Polyphosphates (PPs) can be considered as inorganic fragments included in the HA macromolecular chains. According to modern concepts, inorganic PPs are a source of phosphate in the process of bone mineralization. PPs can also be used in regenerative medicine. Firstly, they have shown morphogenetic activity, i.e., take part in cell differentiation through gene induction; secondly, they act as an accumulator and energy donor in the intercellular space.
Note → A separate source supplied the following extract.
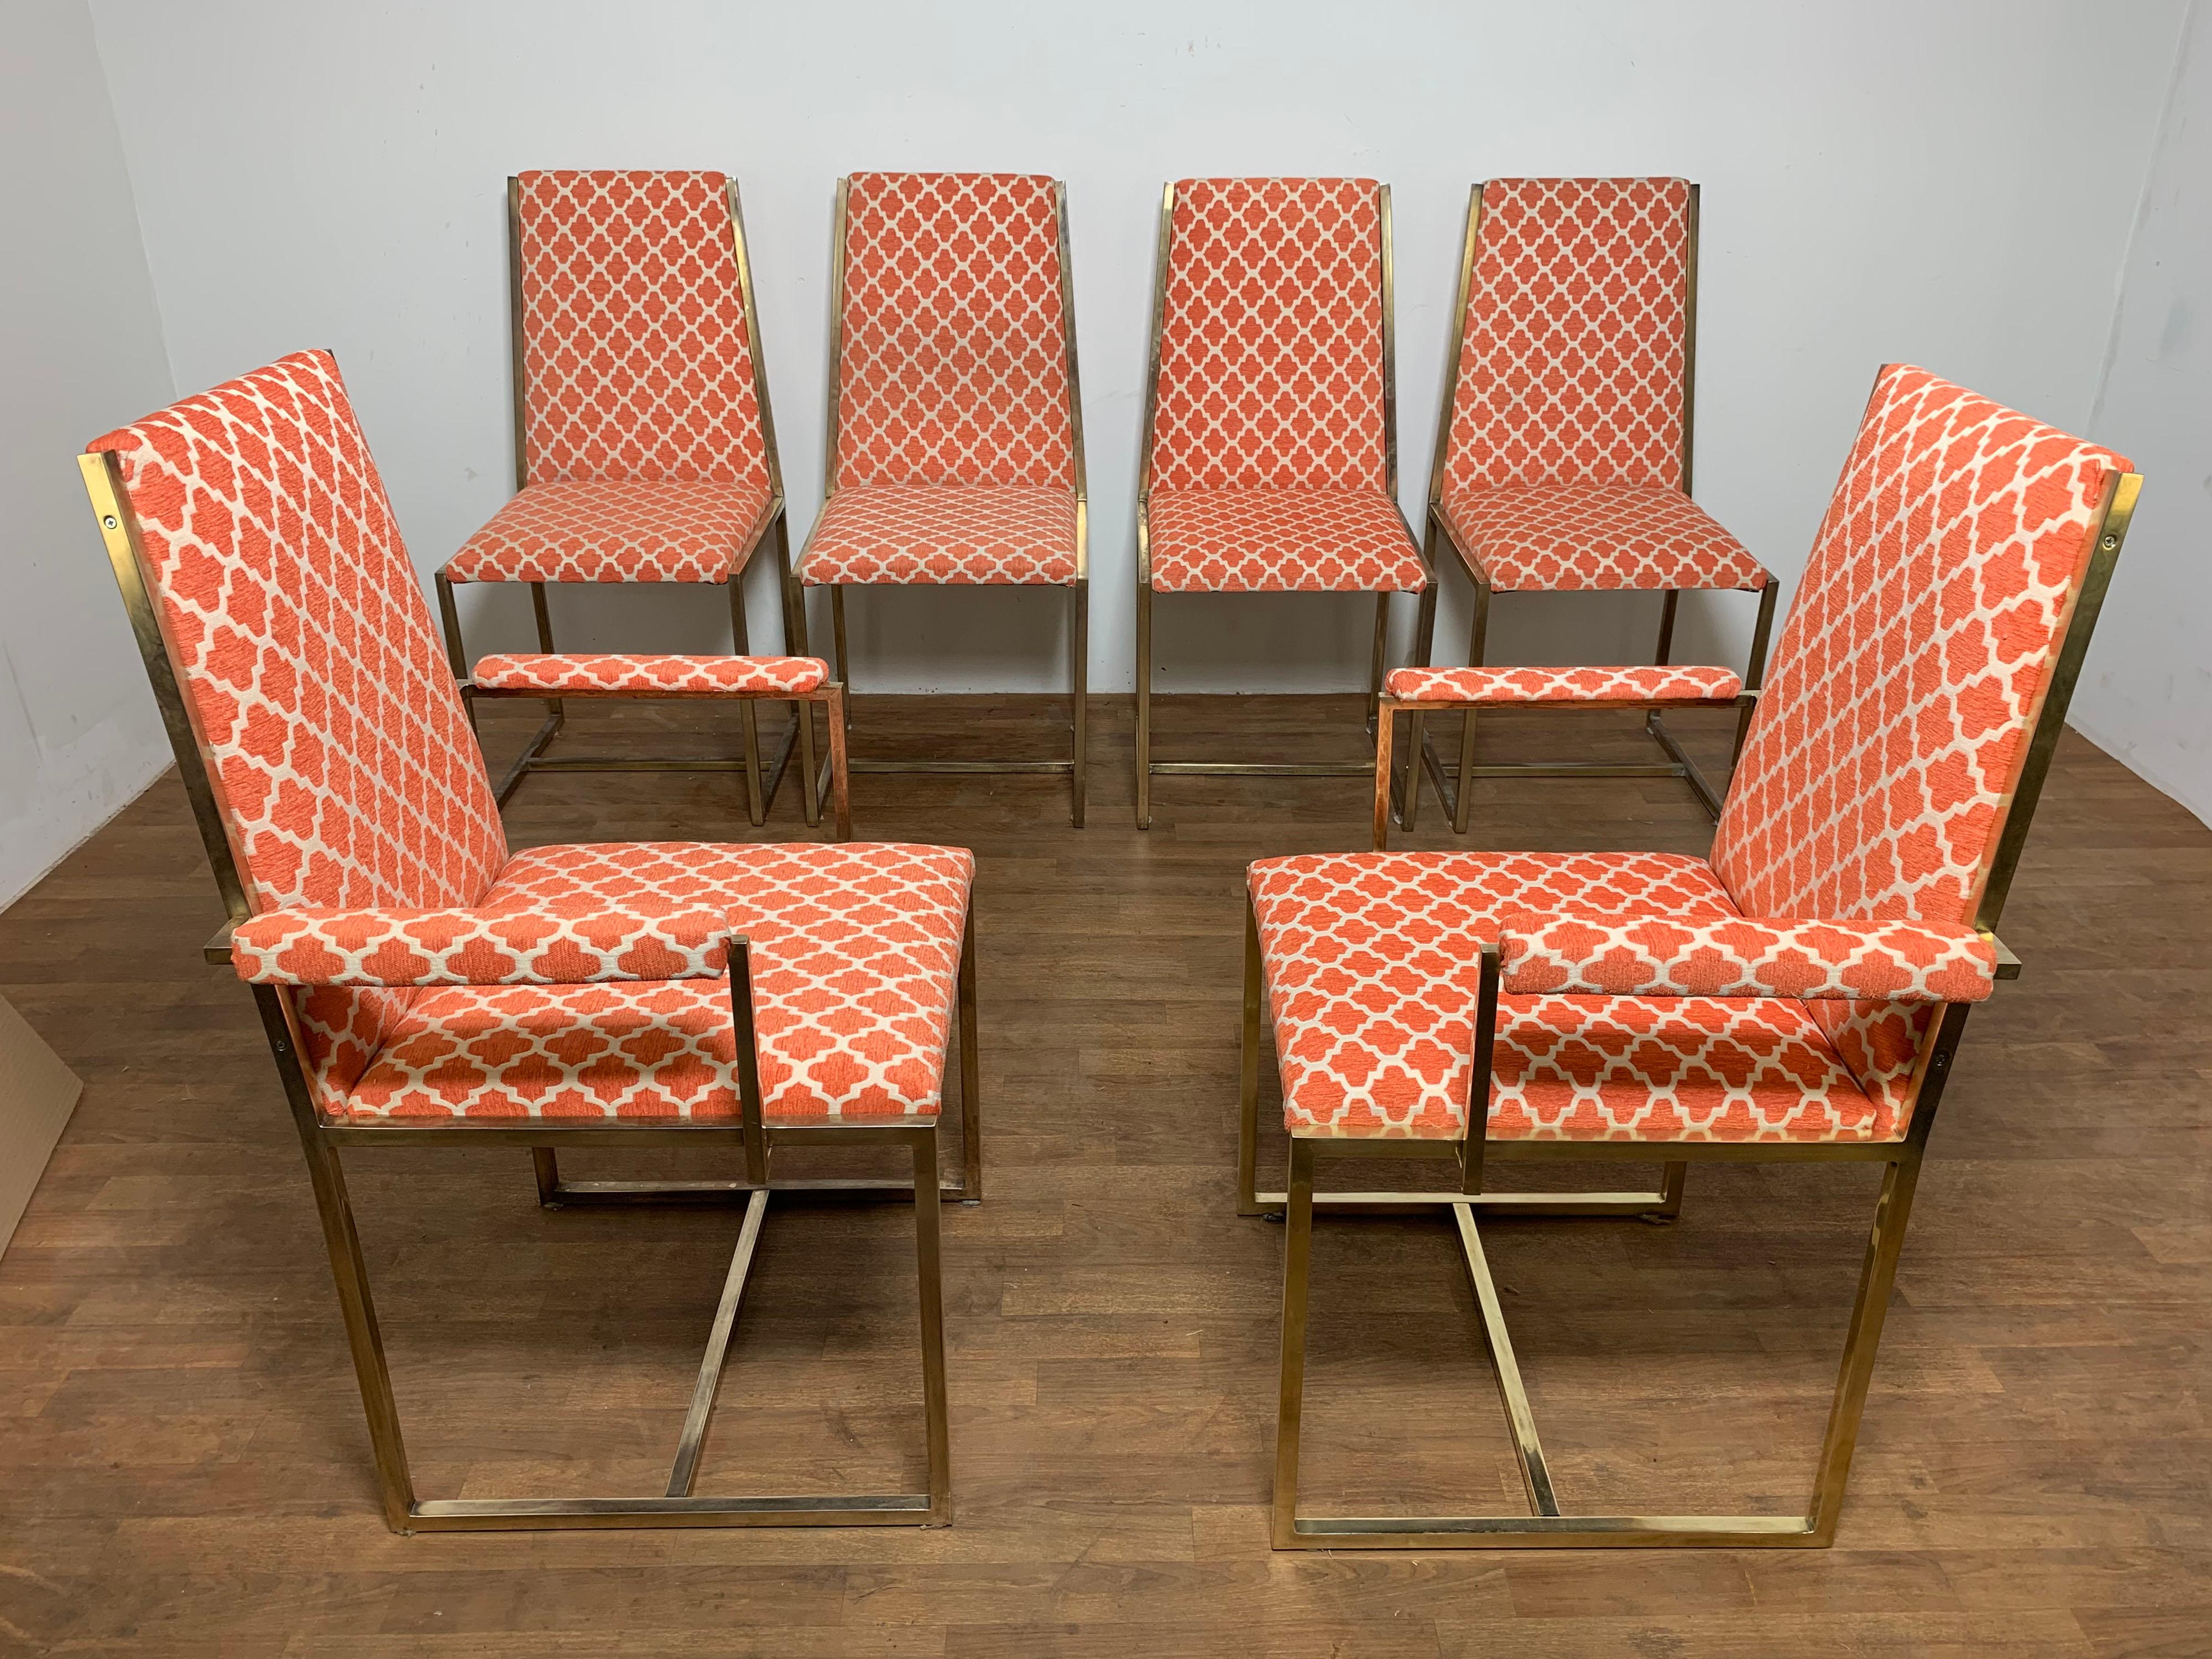 Satz von sechs messingumrandeten Esszimmerstühlen mit hoher Rückenlehne von Mastercraft, ca. 1960er Jahre. 

Die Sessel sind 24,75

In addition, adenosine diphosphate and adenosine triphosphate (ADP/ATP) are formed from PPs under the combined action of alkaline phosphatase and adenylate kinase. For example, inorganic PPs added externally to mammalian cells lead to a 3-fold increase in ATP [4].

4. Conclusions

HMW and LMW HA phosphorylated derivatives with a high content of phosphate residues were first obtained by solid-phase reaction with P₂O₅. One feature of the phosphorylation process was formation of disubstituted mono-, di-, and polyphosphates in the structure of HA macromolecules.